Remove bad UTF-8 from comments
The LLVM tool clangd, a language server based on Clang, was triggering assertions on some of the comments inside iso8859_1.hpp, specifically starting at this line. Evidently some parts are not valid UTF-8, and whether this can be handled by a compiler is implementation-dependent.
A workaround has gone into clangd, but since the value is unprintable anyway (and to avoid future compatibility issues) maybe it would be worth scrubbing the comments.
A more detailed description of the issue is on the LLVM Phabricator.
Evidently some parts are not valid UTF-8
It is been the second time within a month or so when someone assumes UTF-8 as the encoding of source files. While it is understandable, it is not correct.
whether this can be handled by a compiler is implementation-dependent.
Not really.
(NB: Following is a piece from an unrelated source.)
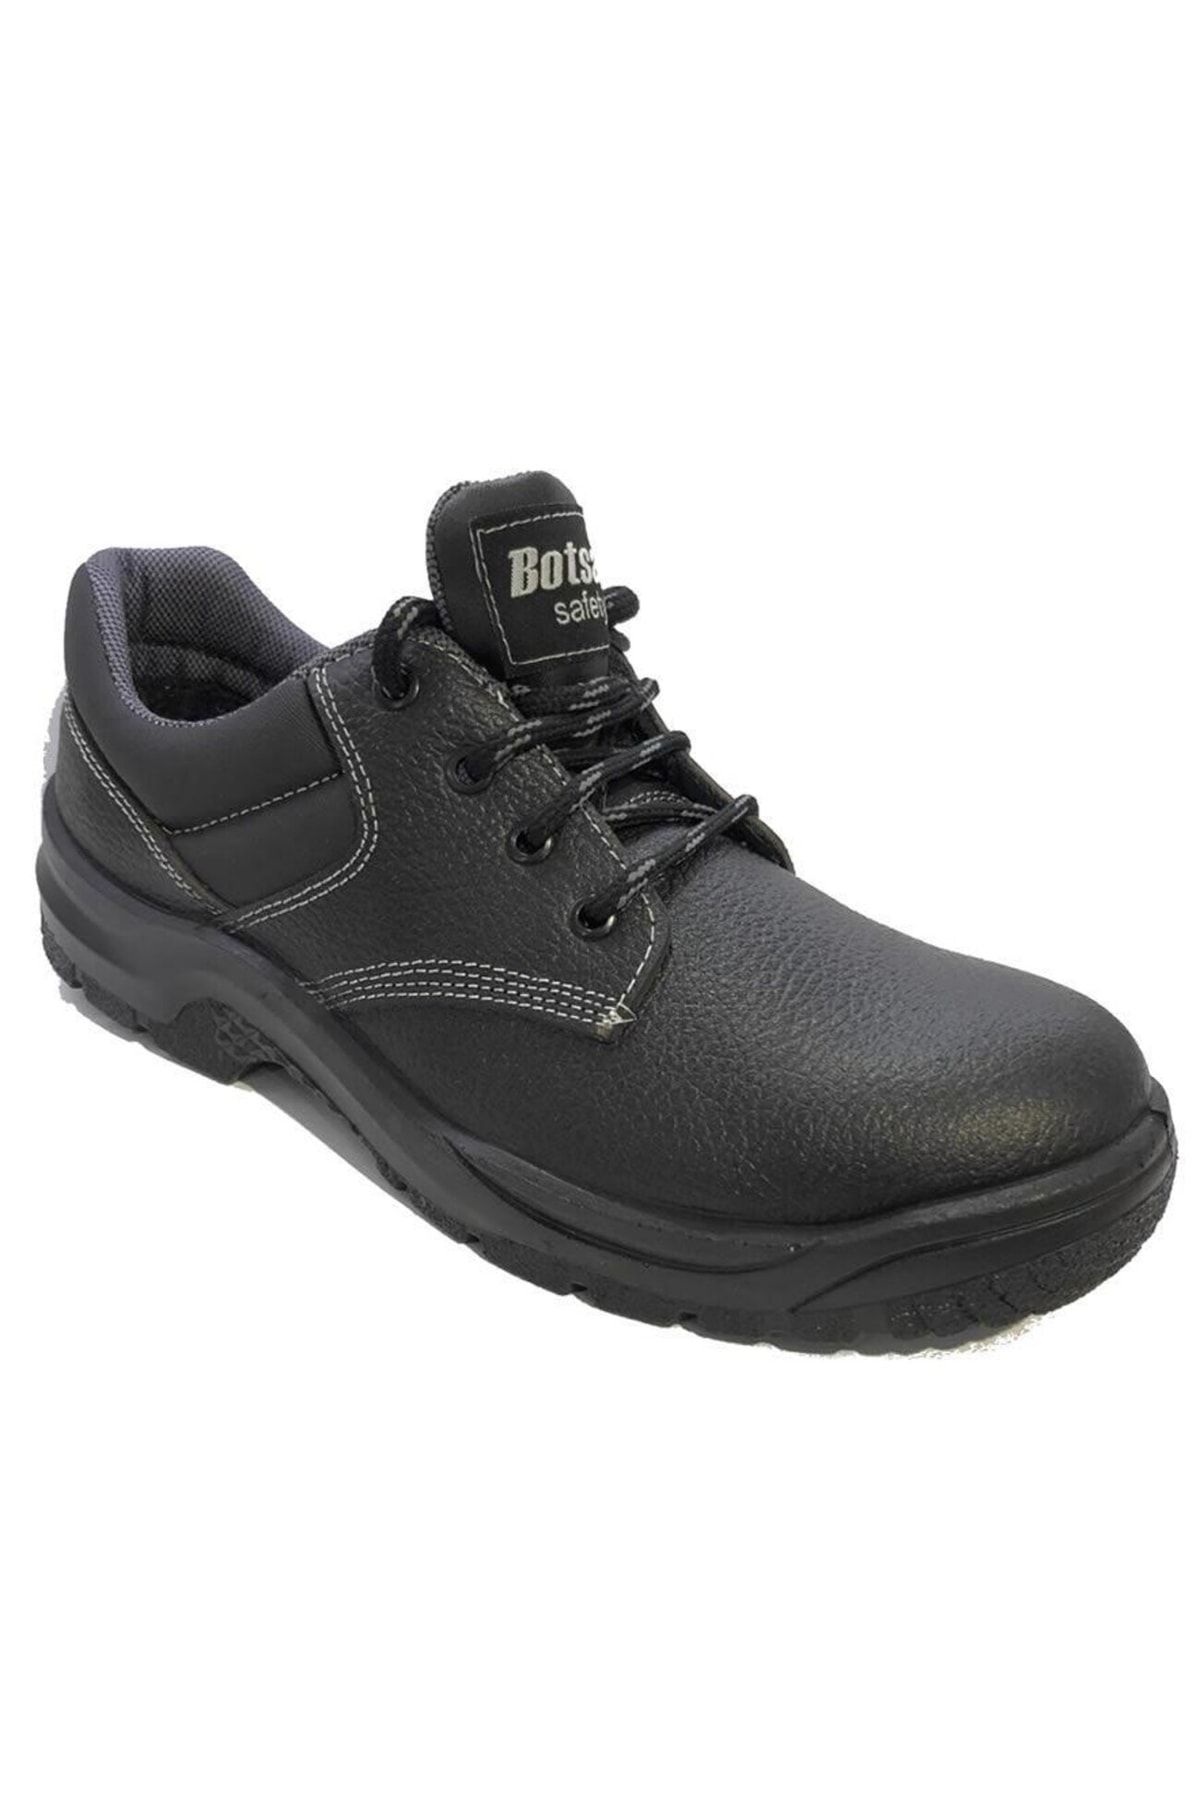 BAYRAMOĞLU KUNDURA Byk 242 Botsann Siyah Çelik Burunsuz Iş Güvenliği Ayakkabısı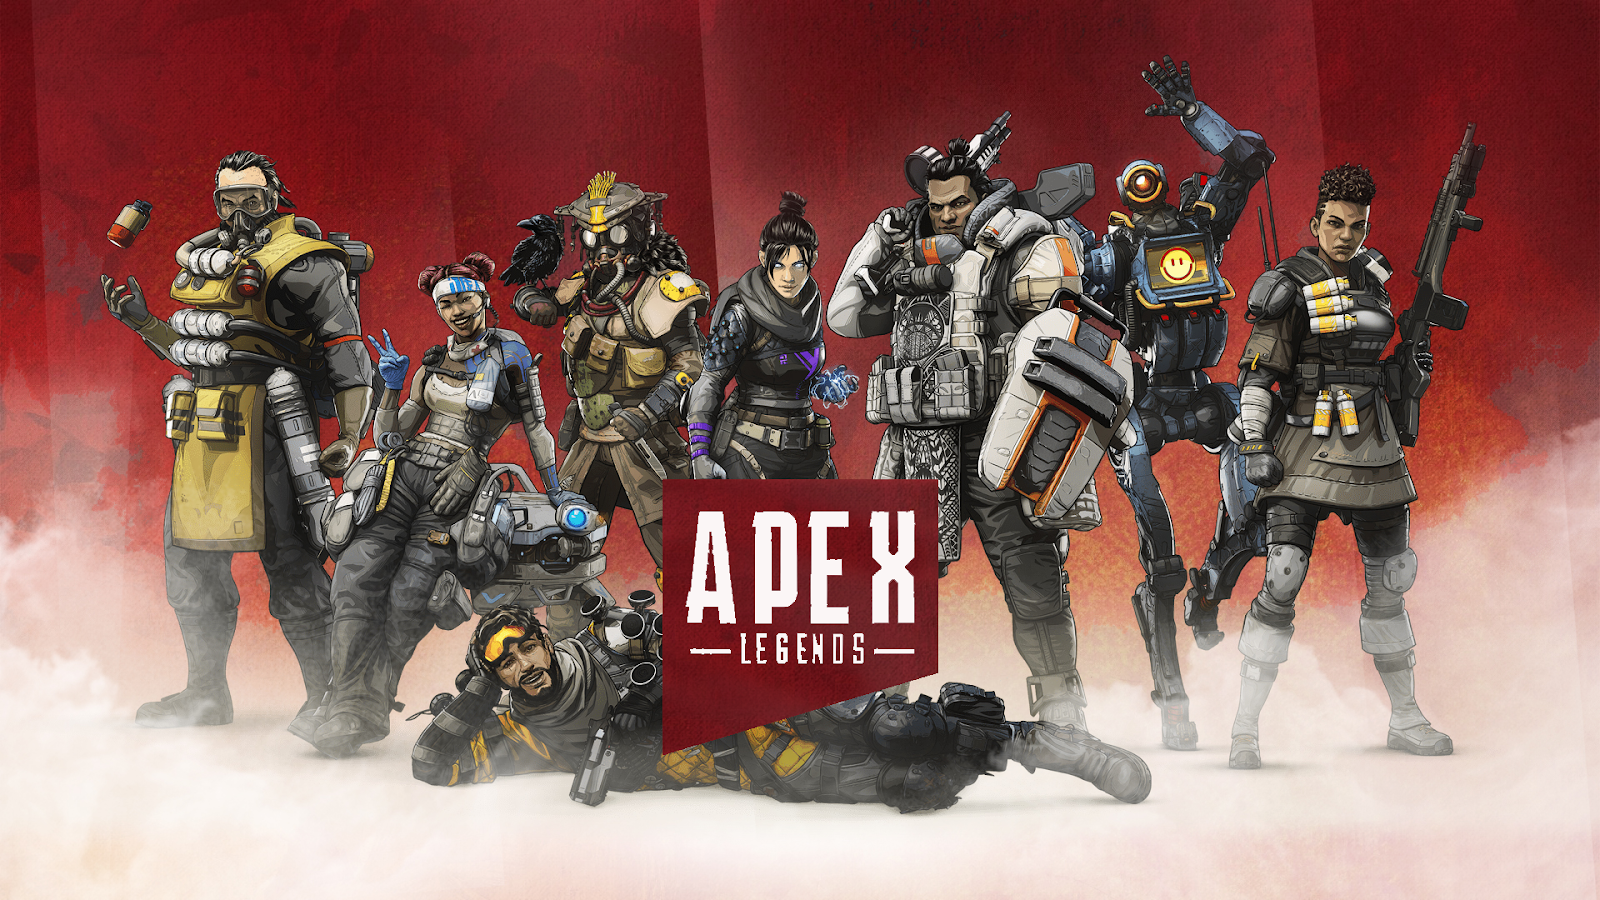 Apex Legends: conheça os personagens e suas habilidades

The mapping is implementation-defined, the handling must be the same as \u of that character in a string literal: http://www.eel.is/c++draft/lex.phases#1.1
I have an idea that we need to leave this as-is since it makes tools better at handling encoding issues.
The LLVM people understand this more than I do :) I'll let them reply, if they want.
Hi, clang/clangd/llvm person here. Agreed that tools guessing about encodings are liable to get them wrong, and calling this "bad UTF-8" may be putting the blame at the wrong level.
However, this is still a source file that most compilers and other tools (even the github code viewer and your own website!) don't parse correctly, and it's not because they're all dumb and need to get better at handling encoding issues - it's because there's no defined way for your header to signal that it's using ISO-8859-1. So there's technically nothing invalid about this header (since the standard doesn't speak to that), but it doesn't/can't work with real tools and there are principled ways to do so, why not fix it?
FWIW, clang only supports UTF-8 input, and gcc supports some options that don't work well here:
- the
-finput-encodingflag. Well, this affects the whole TU, and you're providing a header, so this only works if you want to constrain all downstream projects to using ISO-8859-1 as well - the current locale if it implies an encoding. Again, no way to restrict this to the header, do you package different versions of this header for different locales?
- by default, parse as utf-8 What do you think compilers/tools should be doing instead?
If you care about making this work, the reasonably-portable options I'm aware of:
- use ASCII only - obviously this will work everywhere
- use UTF-8 with BOM - this is unambiguous, clang and gcc will parse as UTF-8 regardless of locale. BOMs are ugly though and simpler tools might choke.
- use UTF-8 without BOM: I guess GCC will get columns wrong in some locales. Clang and clang-based tools will be fine. Anything else written in the last 15 years by someone who knew what they were doing will be fine.
FWIW our workaround is to log something like "iso8859_1.hpp has an unknown encoding" and letting find-refs etc jump to the wrong place. I care quite a lot about this stuff (I'm rambling about encoding late at night for some reason) and don't think this is something we can reasonably try to solve on our side. "makes tools better at handling encoding issues" seems pretty implausible, but best of luck to you either way.
In light of this, I think it makes sense to just use UTF-8. It seems there are no tools capable in handling encoding.
It seems there are no tools capable in handling encoding.
Even if the tools were capable, how would you expect to pass that knowledge to them? That one file has a non-standard encoding? It'd be extra work for everyone, and for what reason?